Content starts
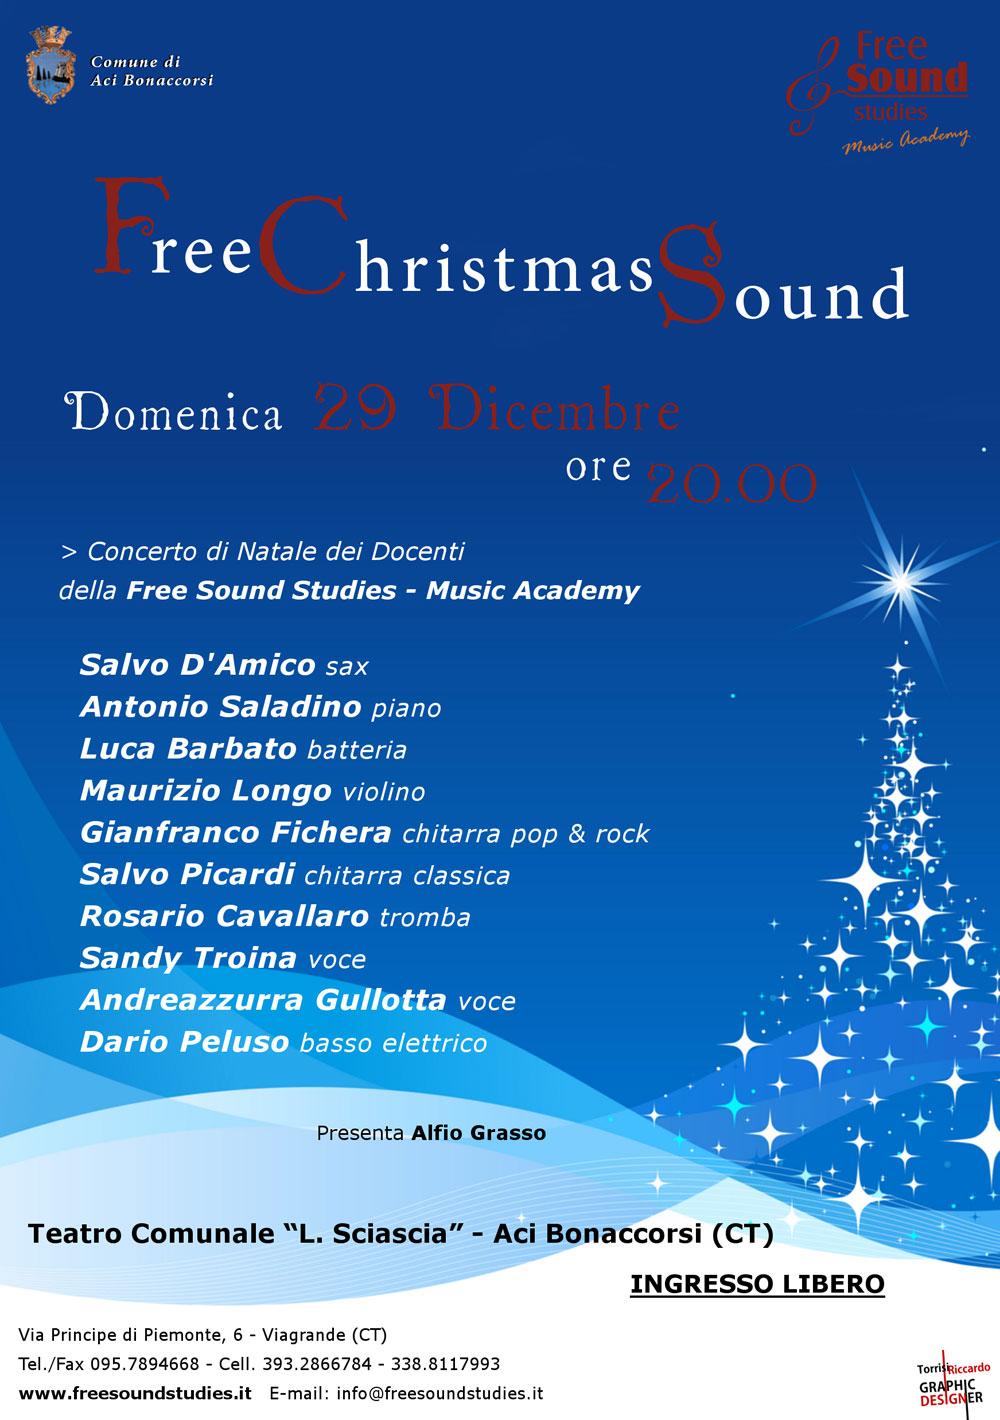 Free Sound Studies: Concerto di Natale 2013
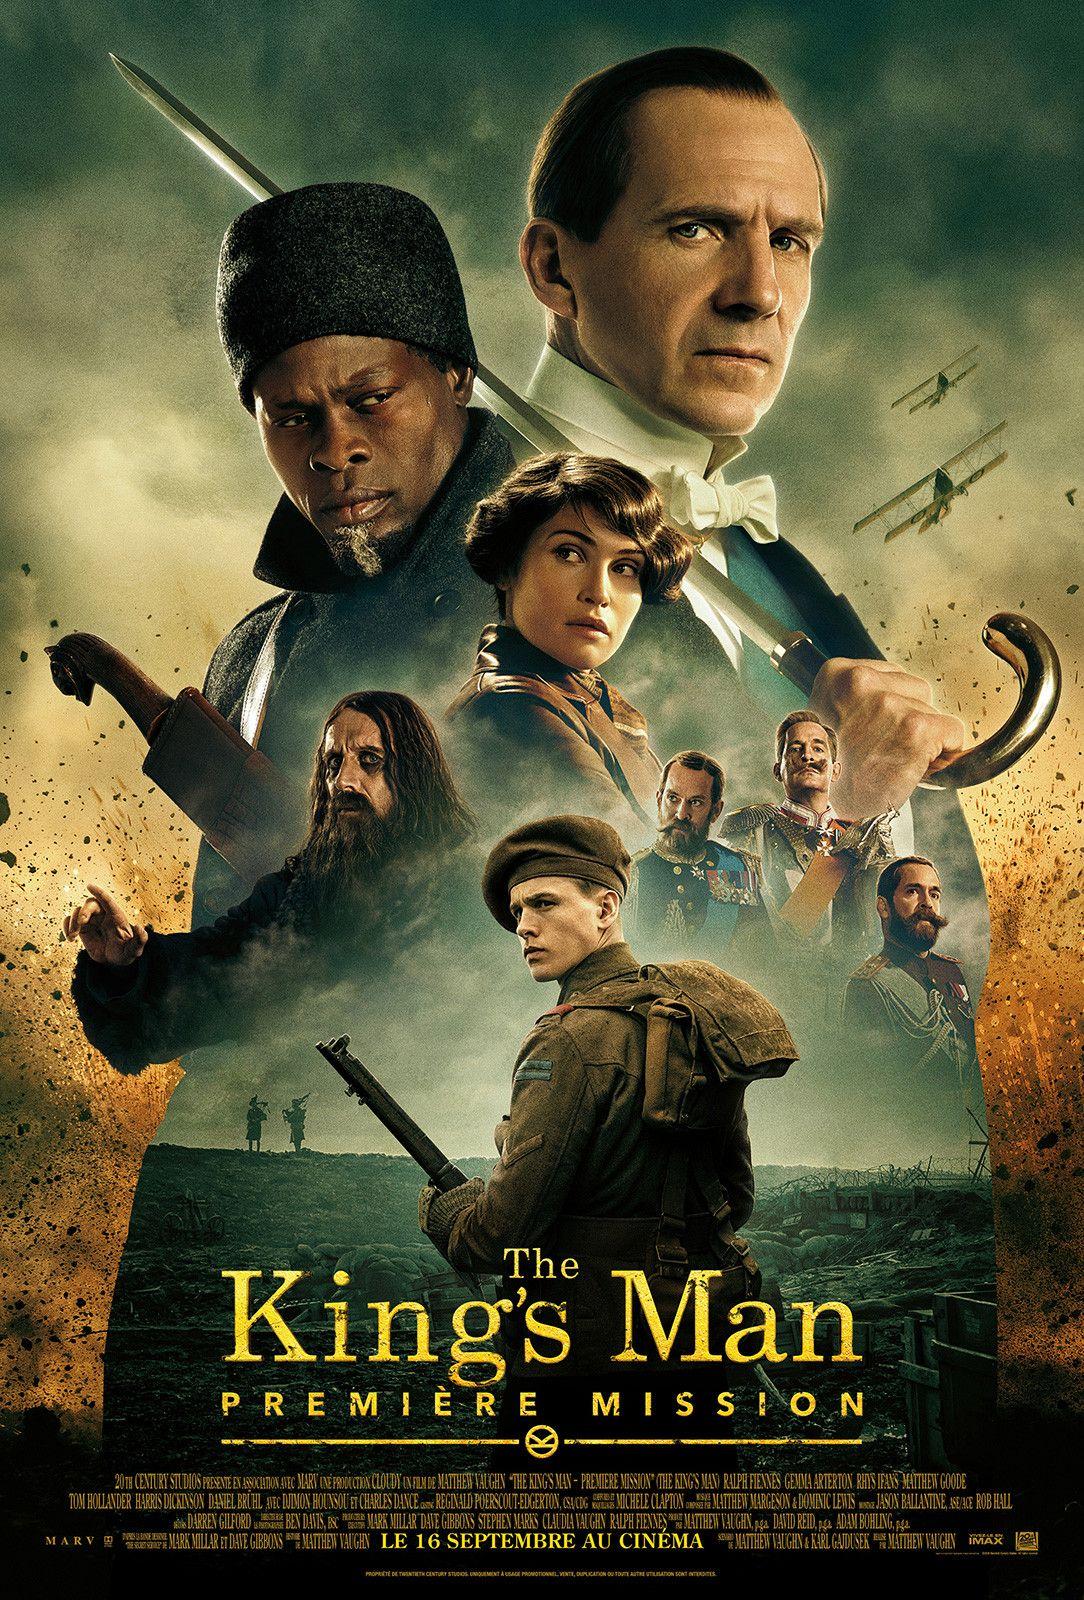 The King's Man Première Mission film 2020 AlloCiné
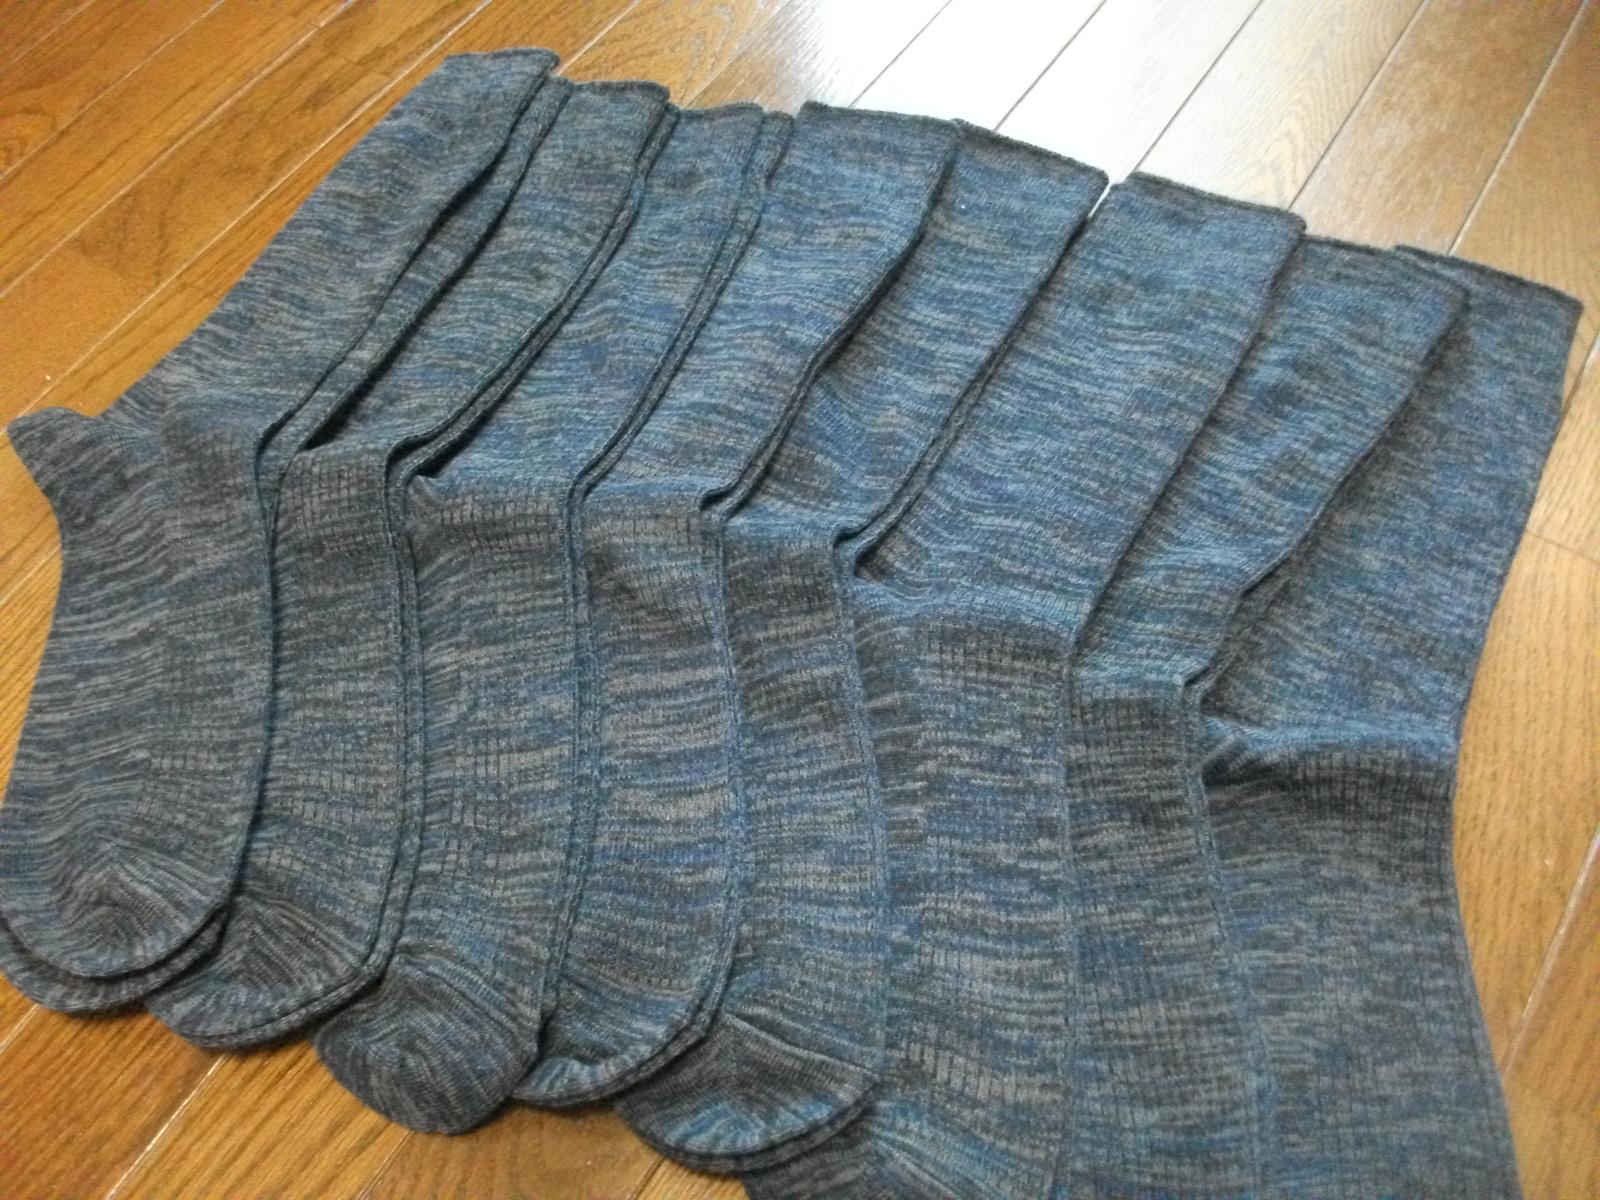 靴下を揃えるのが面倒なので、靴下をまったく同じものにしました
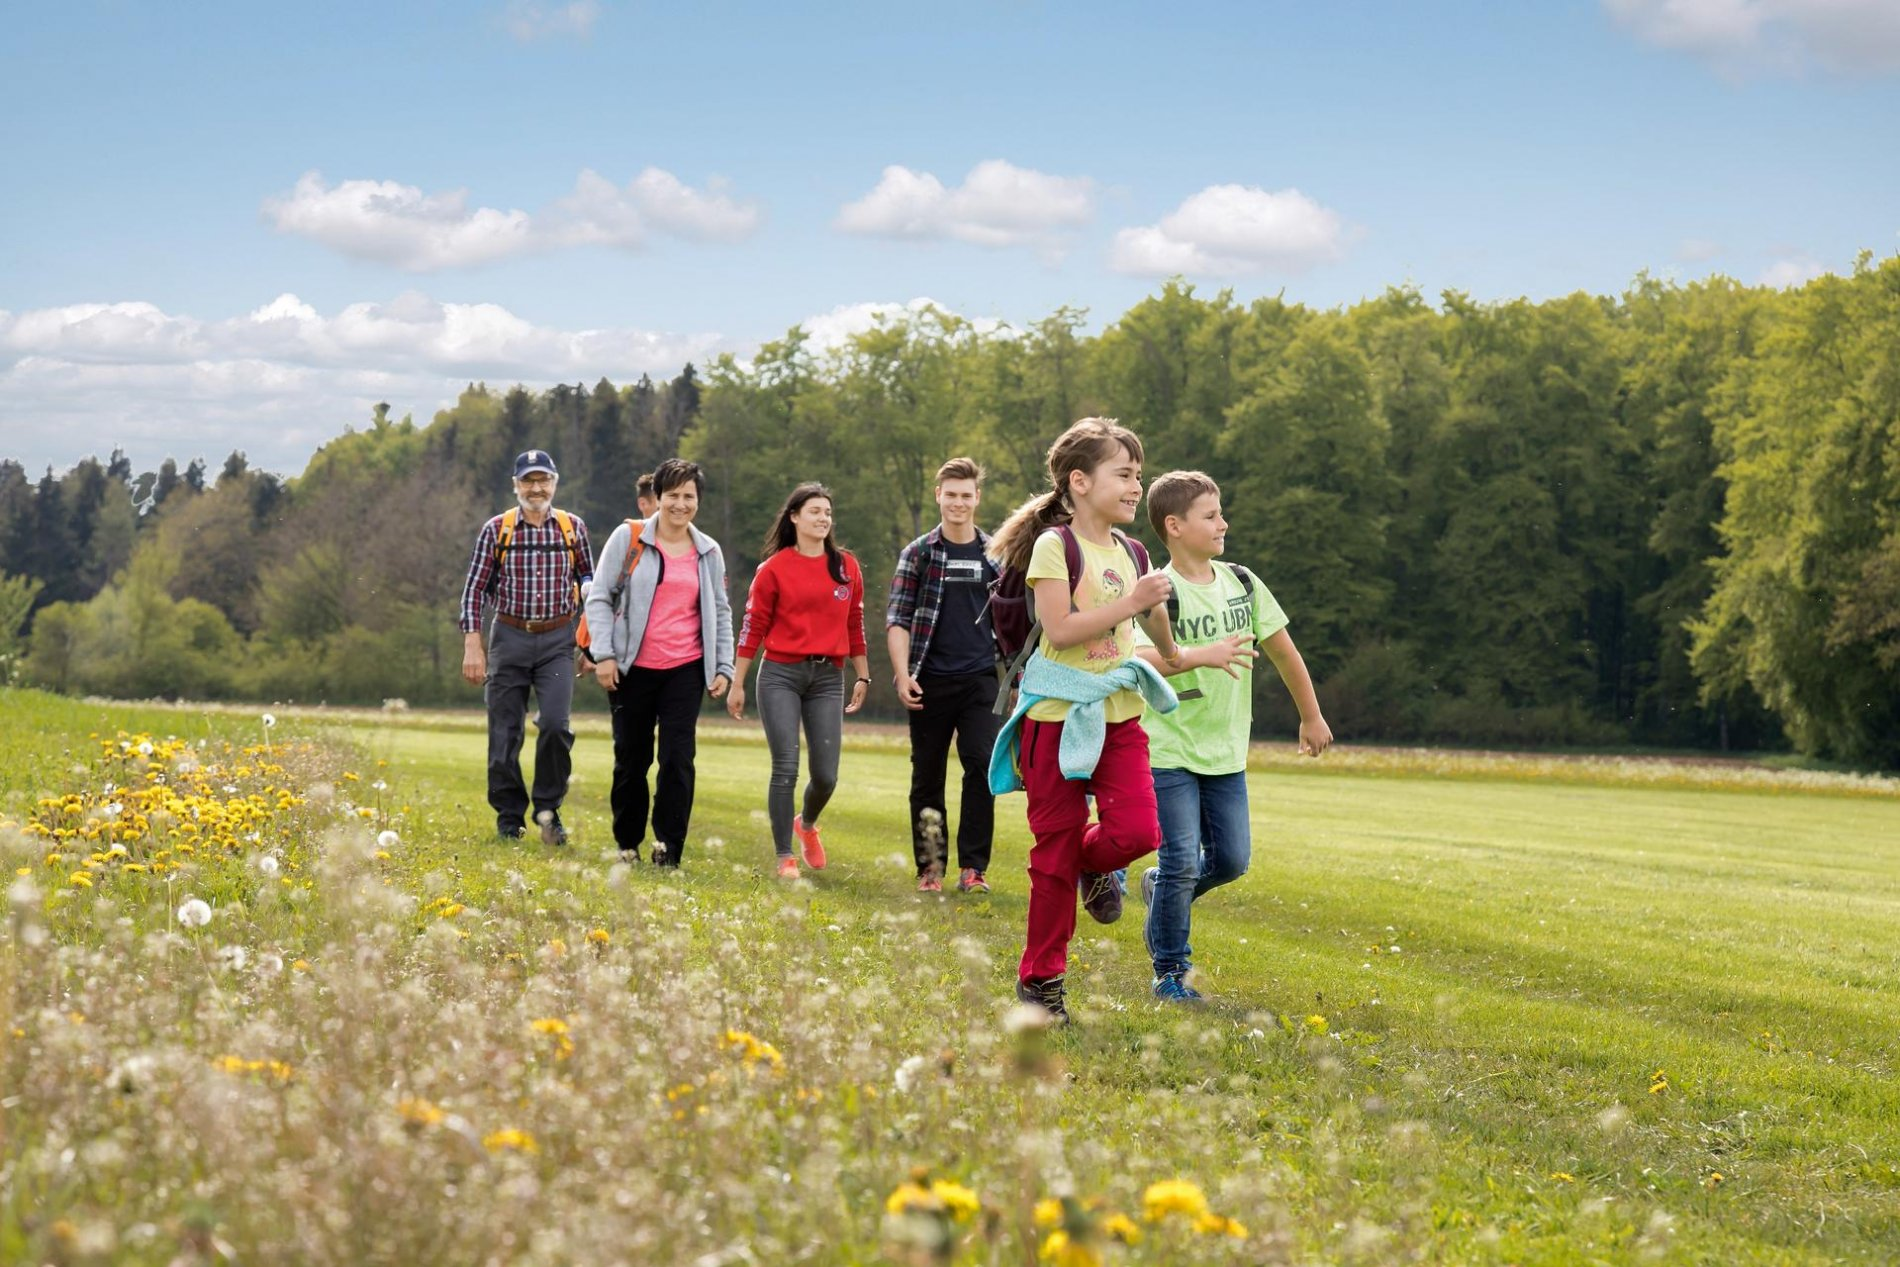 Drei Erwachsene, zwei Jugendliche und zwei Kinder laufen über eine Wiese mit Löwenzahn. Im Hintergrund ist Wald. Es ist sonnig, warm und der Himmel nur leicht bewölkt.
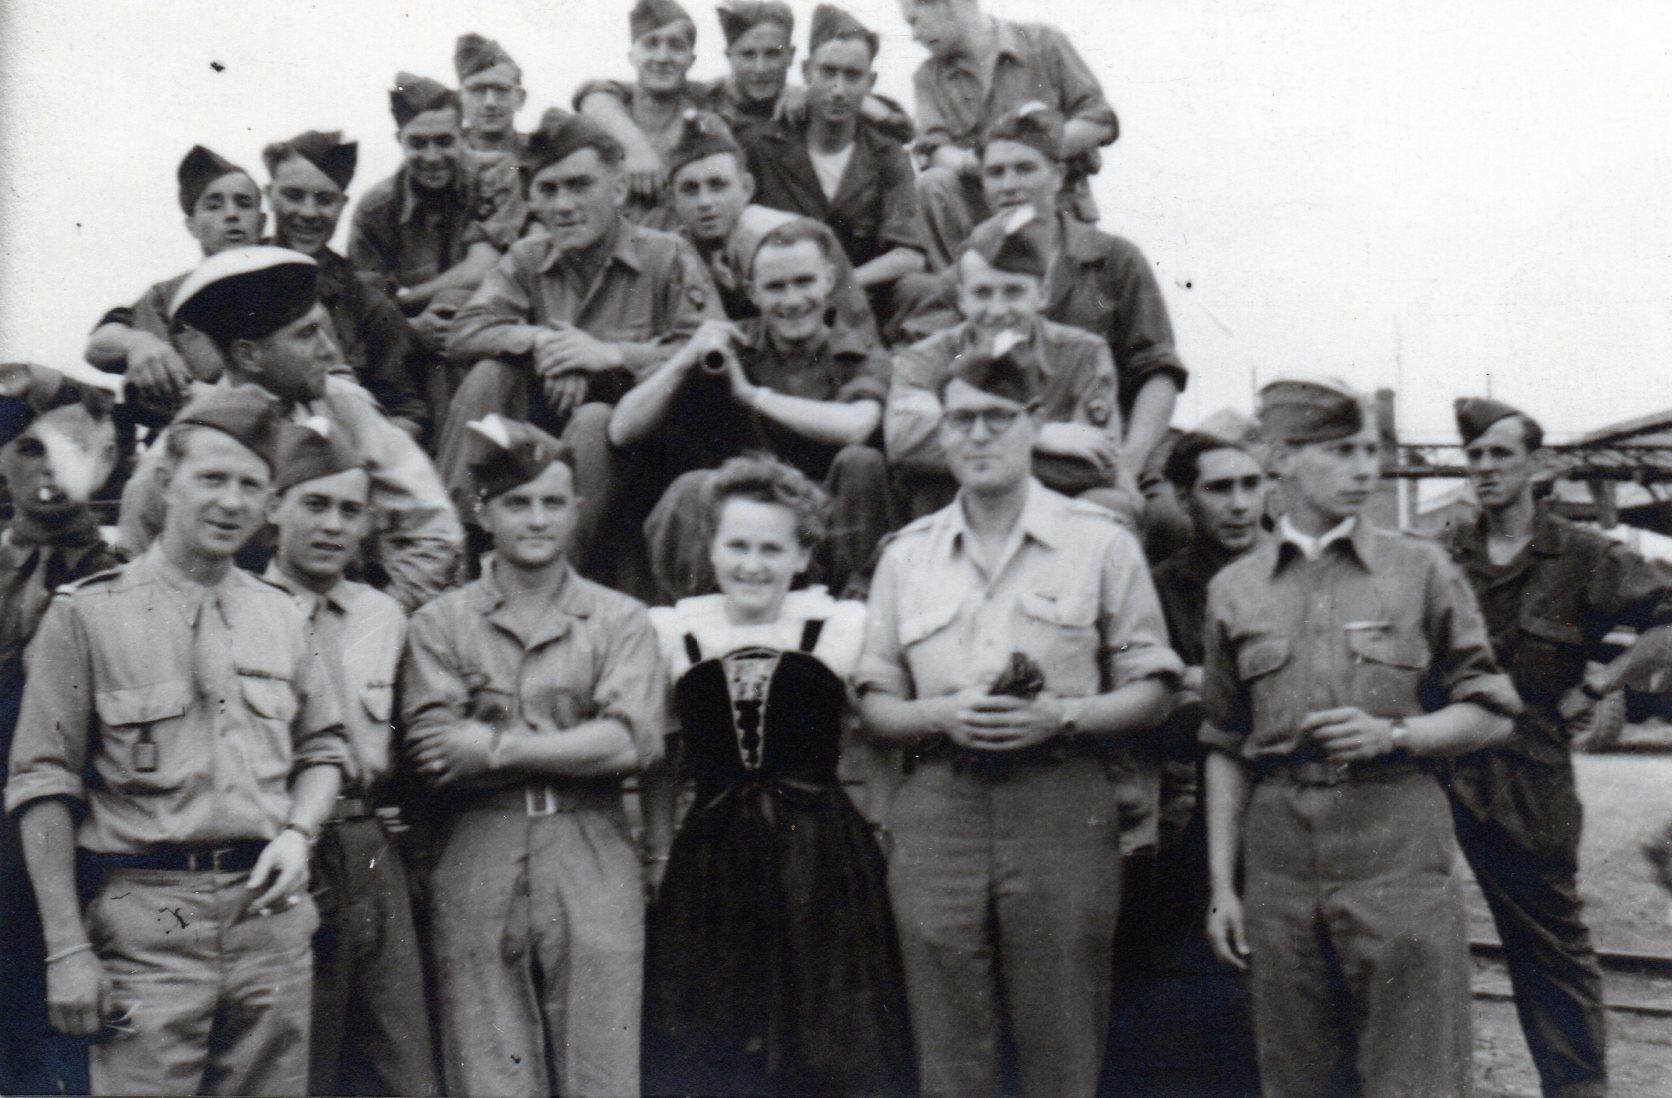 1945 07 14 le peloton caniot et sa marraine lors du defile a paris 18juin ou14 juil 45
Content ends
(Problem to work on)
The task calls for duplicating the data exactly, with no images kept.

(Answer box)
 Free Sound Studies: Concerto di Natale 2013
 The King's Man Première Mission film 2020 AlloCiné
 靴下を揃えるのが面倒なので、靴下をまったく同じものにしました
 Drei Erwachsene, zwei Jugendliche und zwei Kinder laufen über eine Wiese mit Löwenzahn. Im Hintergrund ist Wald. Es ist sonnig, warm und der Himmel nur leicht bewölkt.
 1945 07 14 le peloton caniot et sa marraine lors du defile a paris 18juin ou14 juil 45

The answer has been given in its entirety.